New Delhi, March 8
In a bid to expedite the execution of power sector projects, especially hydro-electric projects, the Centre has taken a slew of measures including dispensing with the requirement of obtaining approvals from the Planning Commission and the mandatory pre-PIB (Public Investment Board) examination.
Also, the limit for incurring capital expenditure on new projects without Government approval has been enhanced for Central public sector undertakings (CPSUs) and the time limits stipulated for the investment appraisal and the approval process have been slashed.
"A series of measures has been taken to ensure that power projects do not get delayed as in the earlier Plan periods. We are keeping a close vigil on the targets and weekly video conferences with all CPSUs are being conducted to ensure that slippages are eliminated," a senior Power Ministry official said.
Besides the policy measures taken for compressing the clearance process, the Government is also working on eliminating bottlenecks in the provision of fuel, transport linkages and assure supplies of essential inputs for thermal power stations, officials said.
According to the Ministry of Statistics, a number of projects in the power sector are reported to be facing constraints in timely commissioning, which includes those under different stages of implementation but reporting certain amount of time lag for which remedial measures have been suggested.
The projects facing constraints include those in hydro generation, which are facing roadblocks due to slow pace of civil works and poor performance of contractors. Some of the transmission projects have also been delayed as they are linked to generation projects that have got stuck.

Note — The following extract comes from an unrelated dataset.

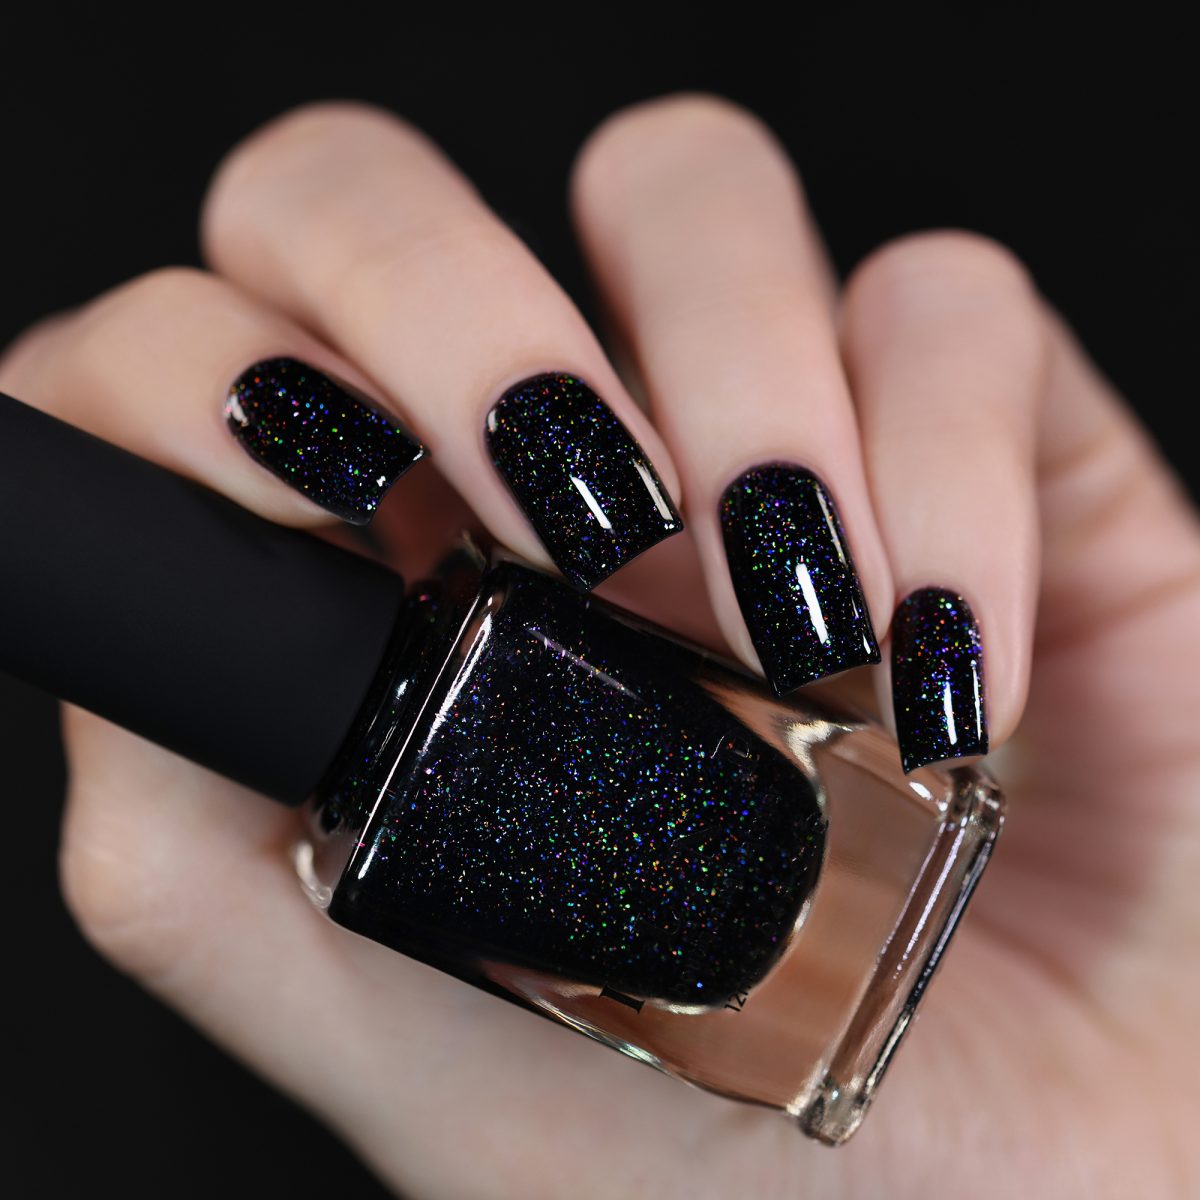 Party Bus - Black Rainbow Flake Holographic Shimmer Nail Polish by ILNP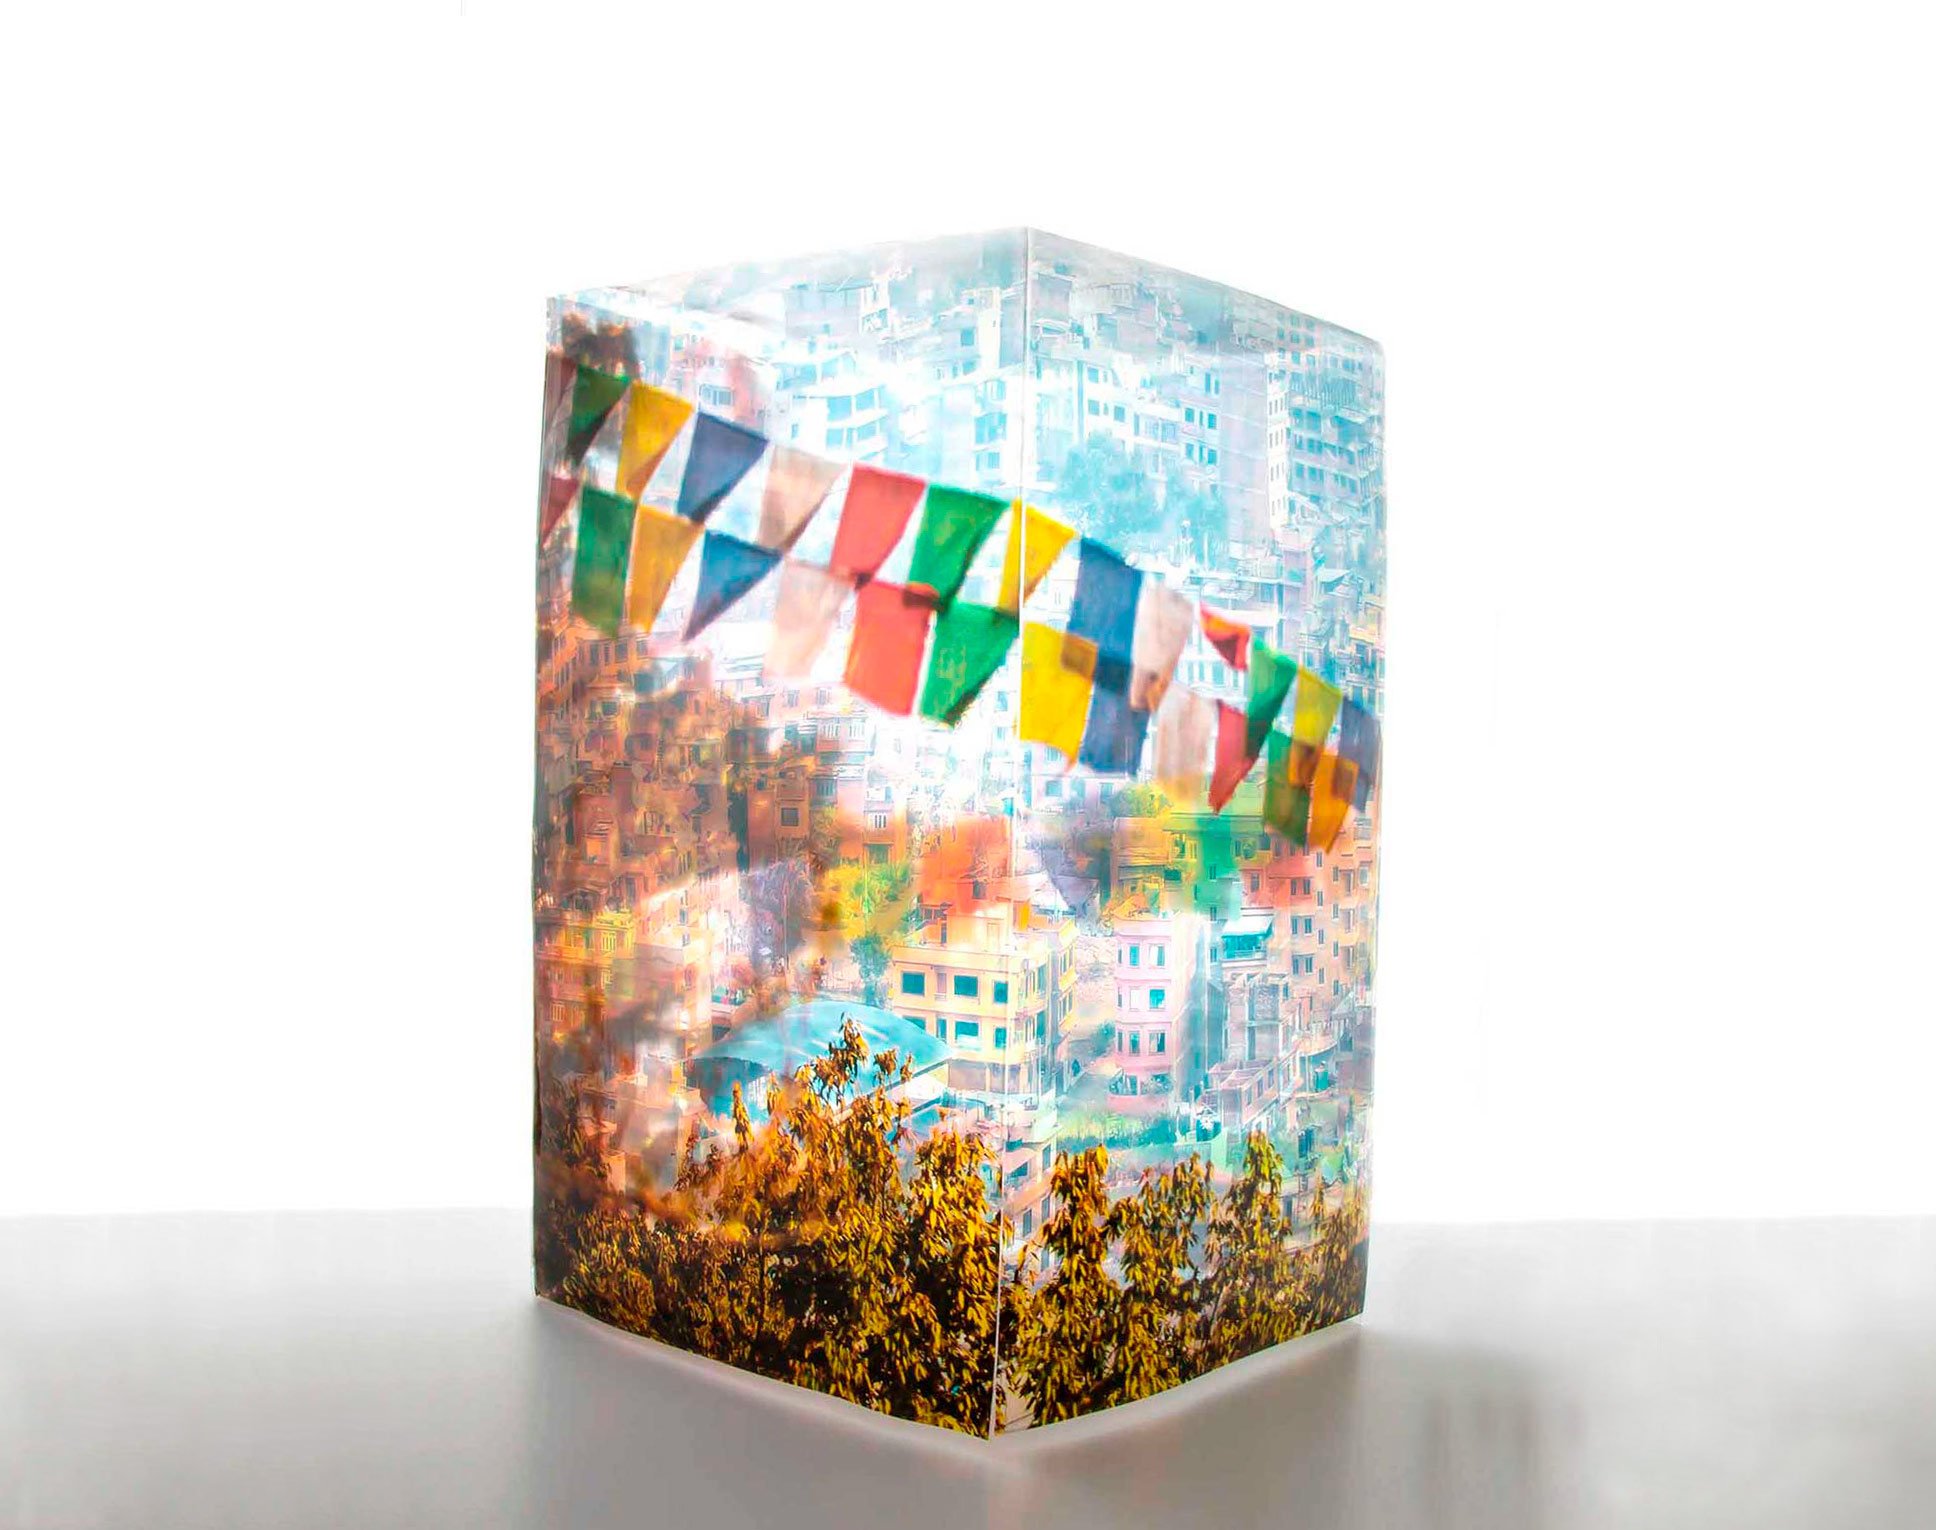 Photographic transparent sheet of Monkey Temple, Nepal, fused together to create a three-dimensional box.

The projects facing delays include the Madurai-Thiruvananthapuram 400 kV DC line of the State-owned Power Grid Corporation of India Ltd (PGCIL), which has encountered a time lag of 19 months and cost overrun of nearly 27 per cent, mainly due to land acquisition delays.
The Loktak hydel project of the National Hydroelectric Power Corporation (NHPC) in Manipur, approved in December 1999, is currently under review because of various constraints, high costs, and security reasons.
The Tehri Dam and Hydel Project of Tehri Hydro Development Corporation Ltd has already reported a cost overrun of over 125 per cent and a time delay of more than 76 months.
The associated Tehri Transmission System of PGCIL has also reported a cost overrun of nearly 92 per cent and time delay of 78 months with respect to the original estimates.